Without changing a thing, reproduce the entire listing and leave out its pictures.
** Opening COLLECTED MATERIAL block **
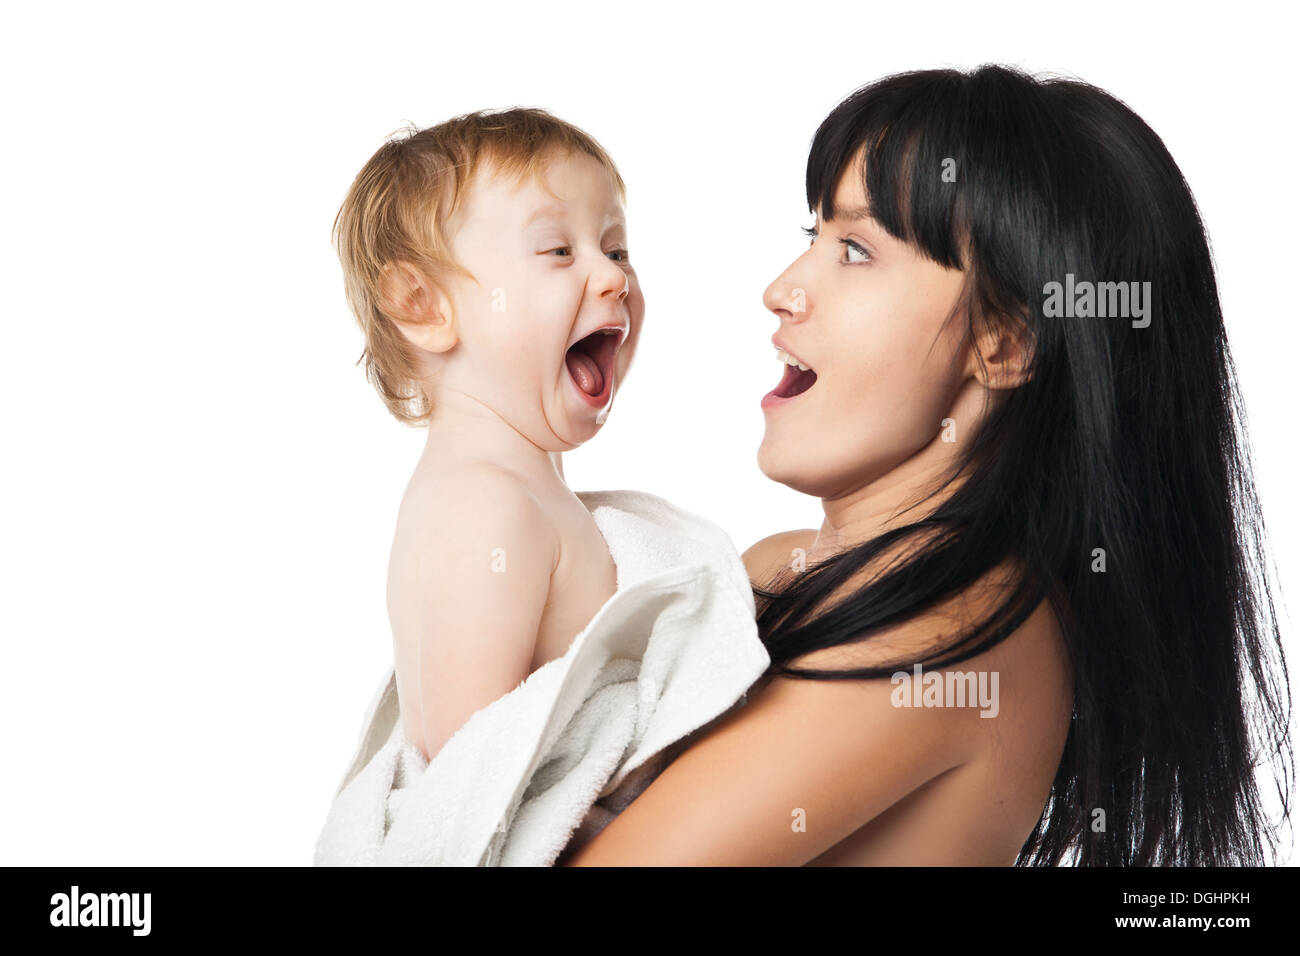 Mother with her baby after bathing in white towel Stock Photo
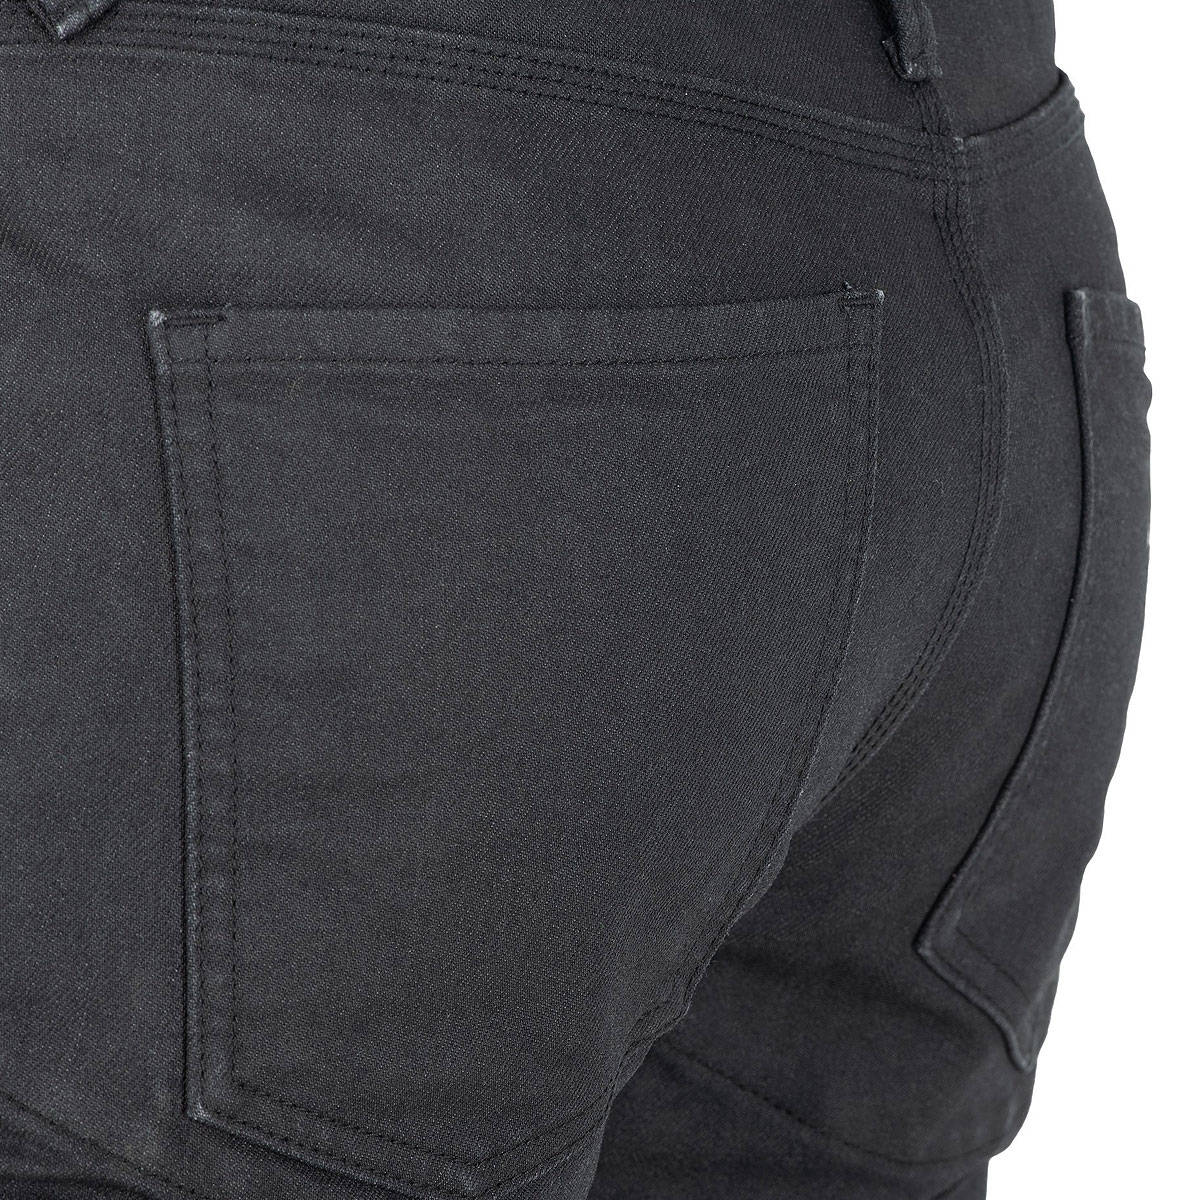 Oxford AAA Original Jeans in a straight fit: CE AAA rated single-layer motorcycle jeans - butt
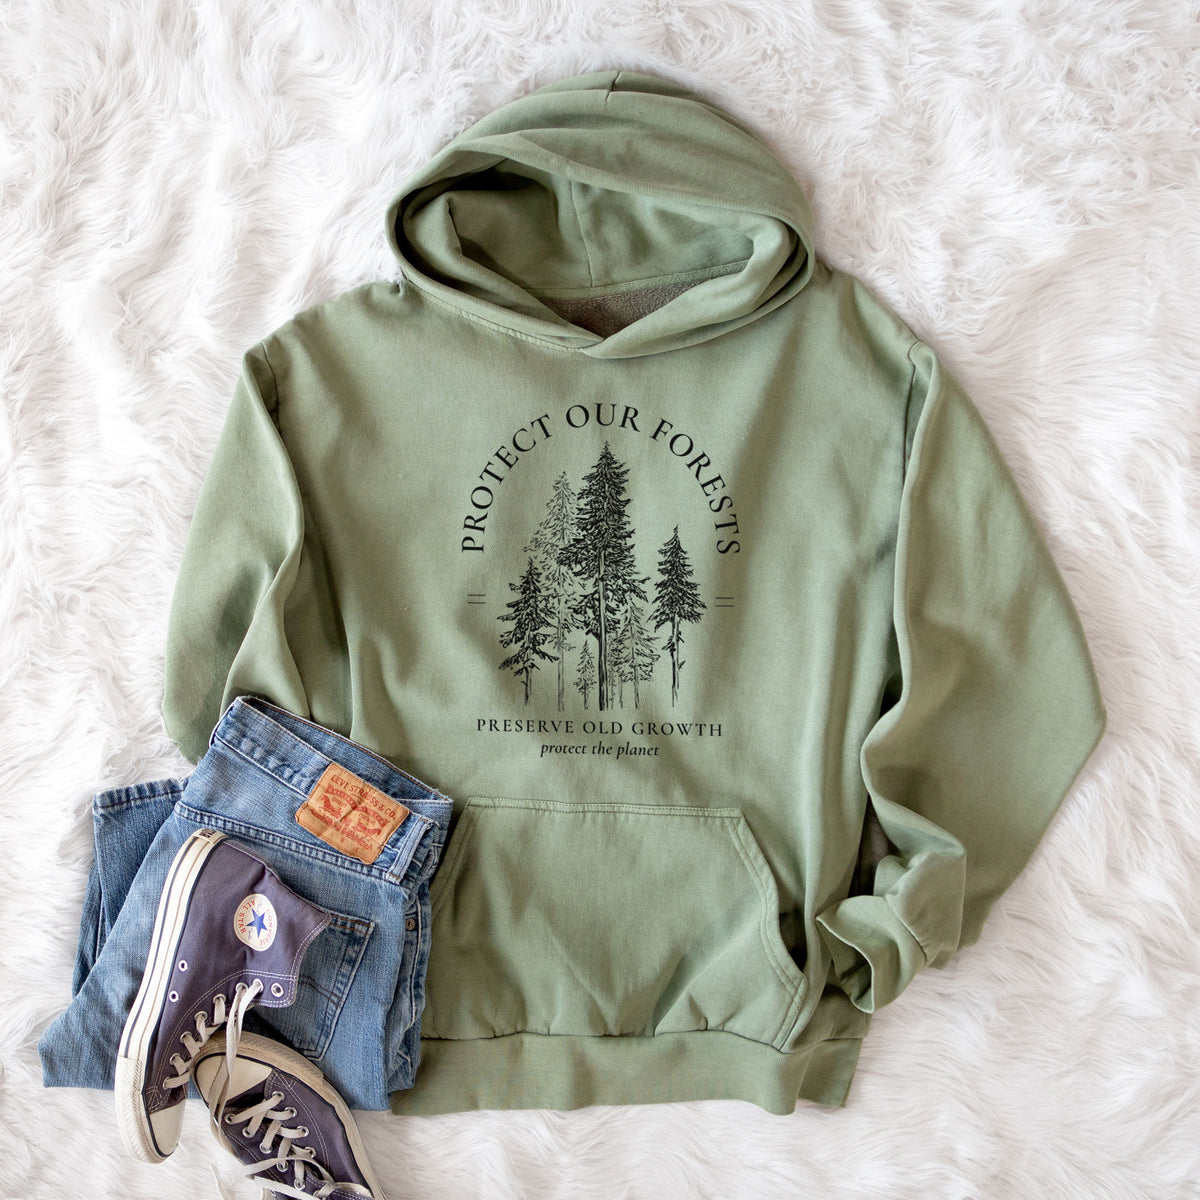 Protect our Forests - Preserve Old Growth  - Urban Heavyweight Hoodie
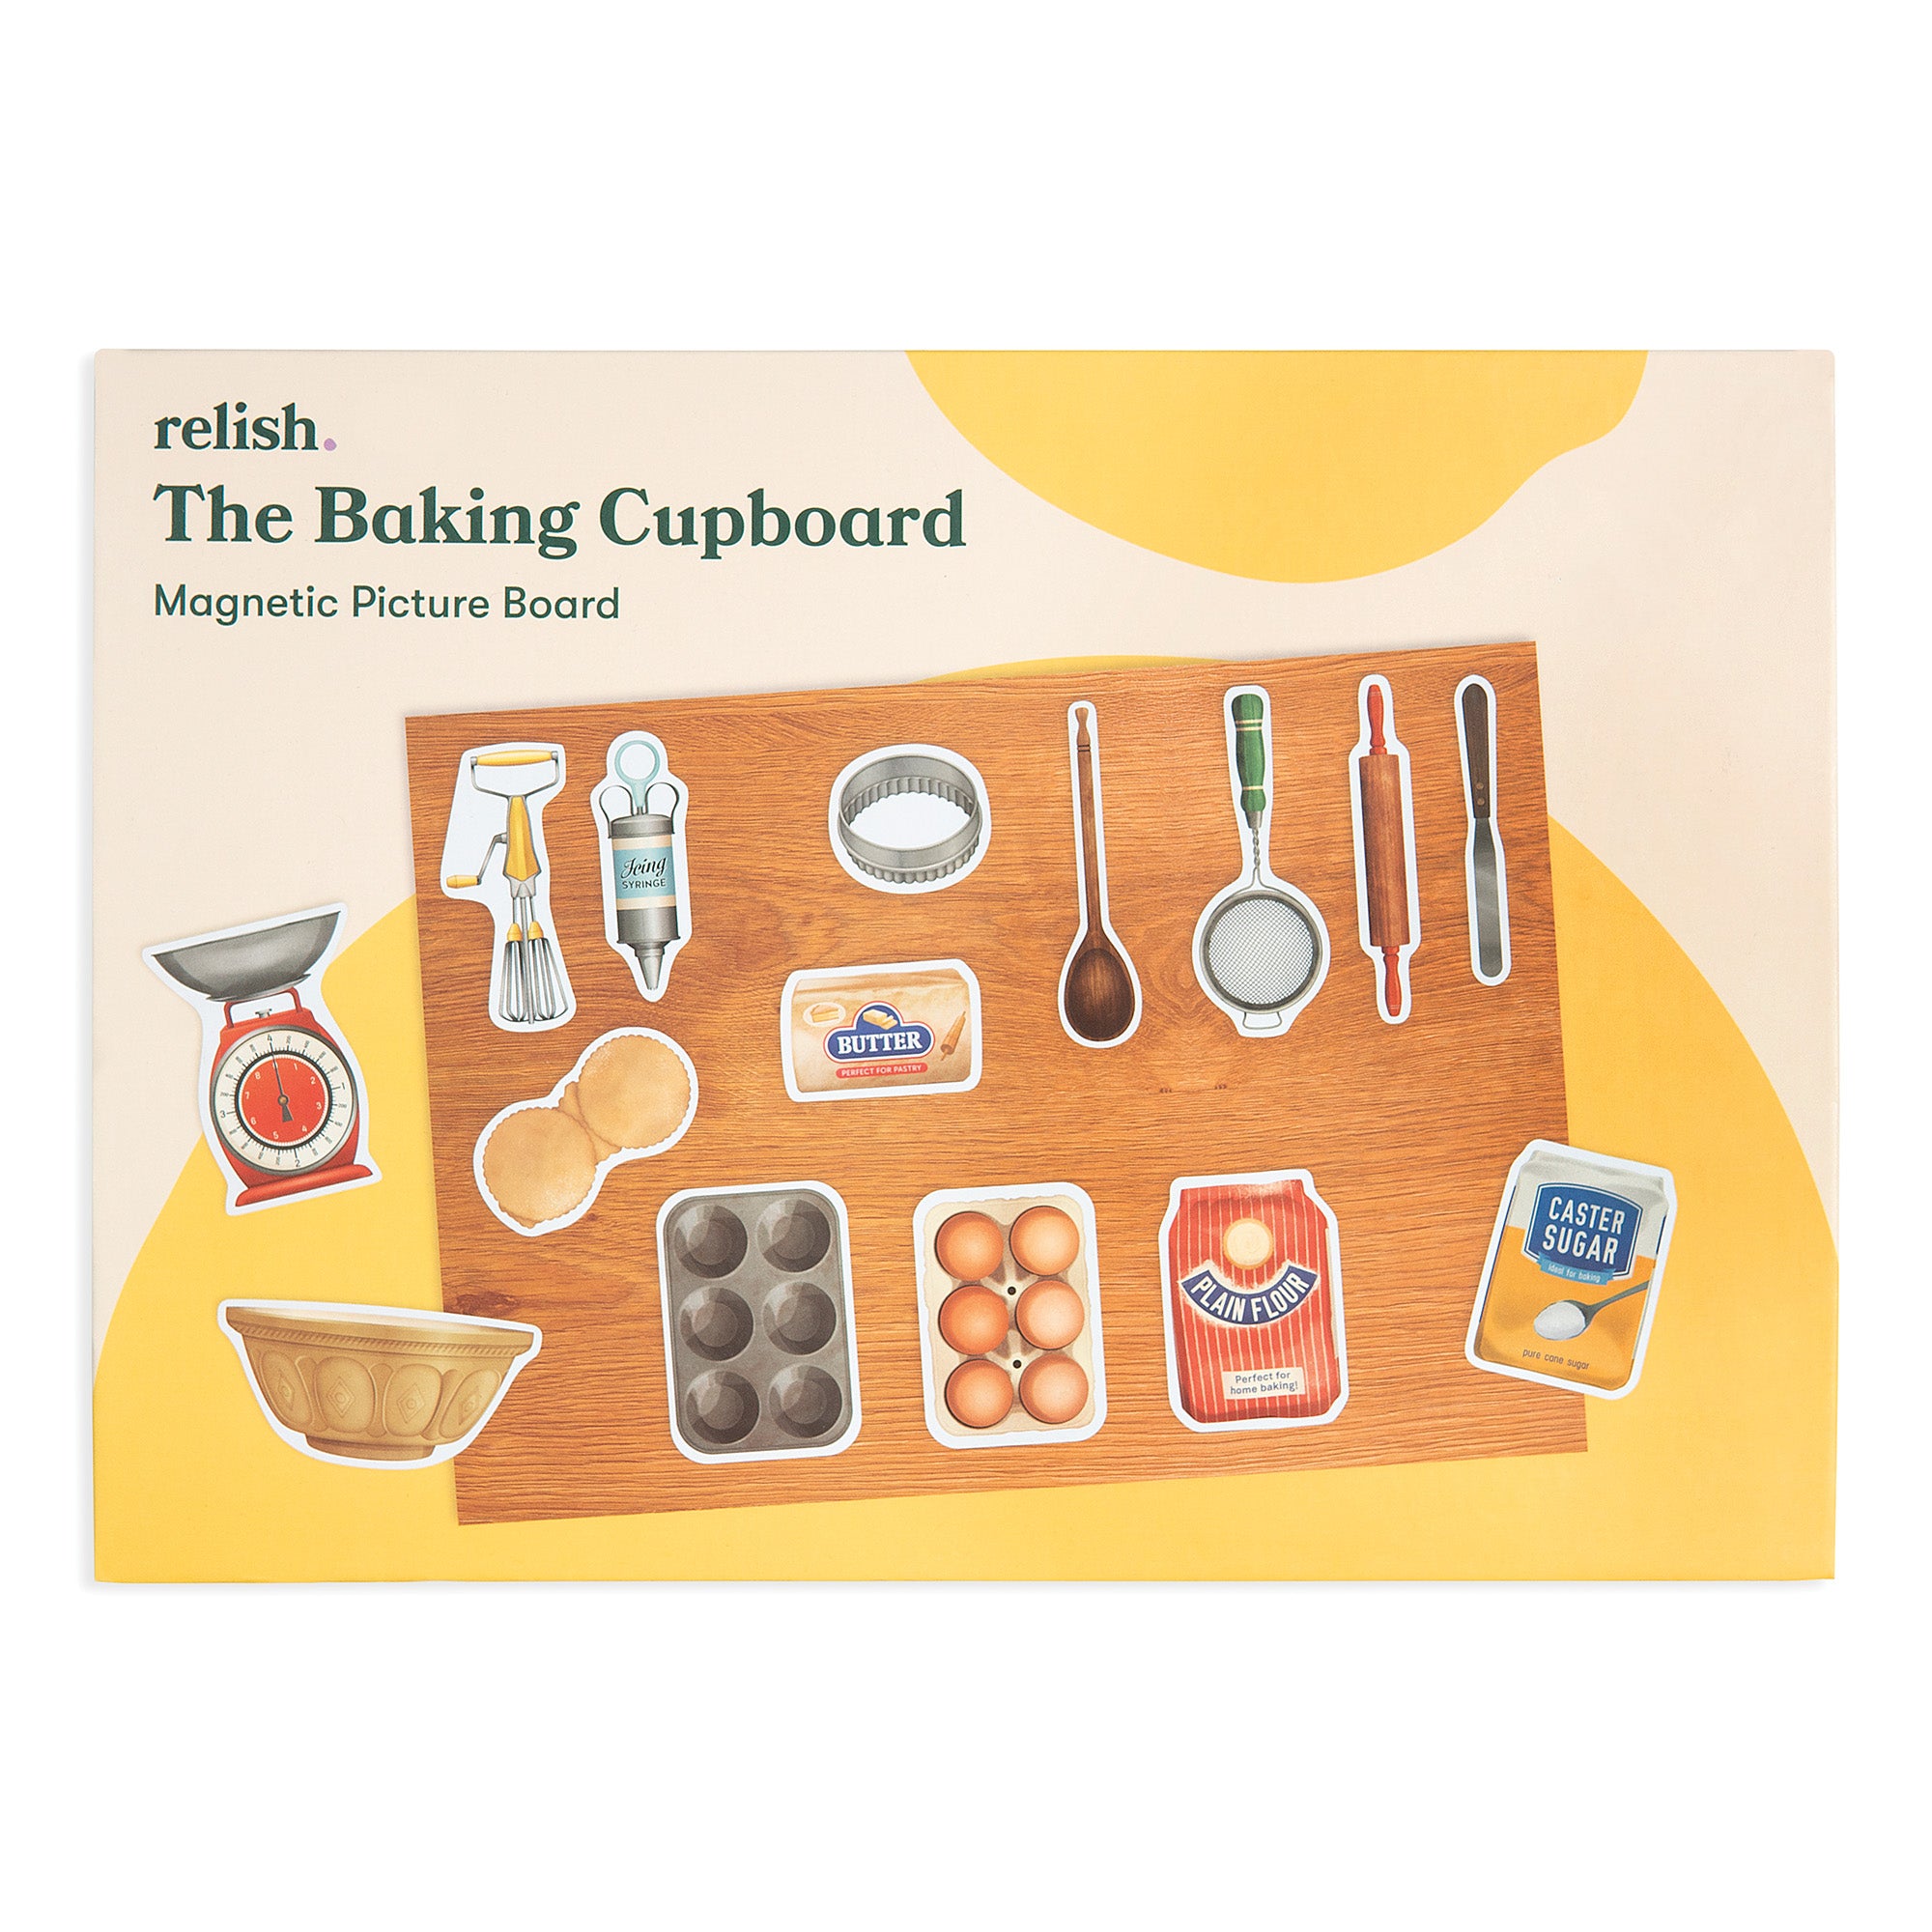 The Baking Cupboard reminiscence
** Closing COLLECTED MATERIAL block **
TASK SOLUTION.
 Mother with her baby after bathing in white towel Stock Photo
 Oxford AAA Original Jeans in a straight fit: CE AAA rated single-layer motorcycle jeans - butt
 Protect our Forests - Preserve Old Growth  - Urban Heavyweight Hoodie
 The Baking Cupboard reminiscence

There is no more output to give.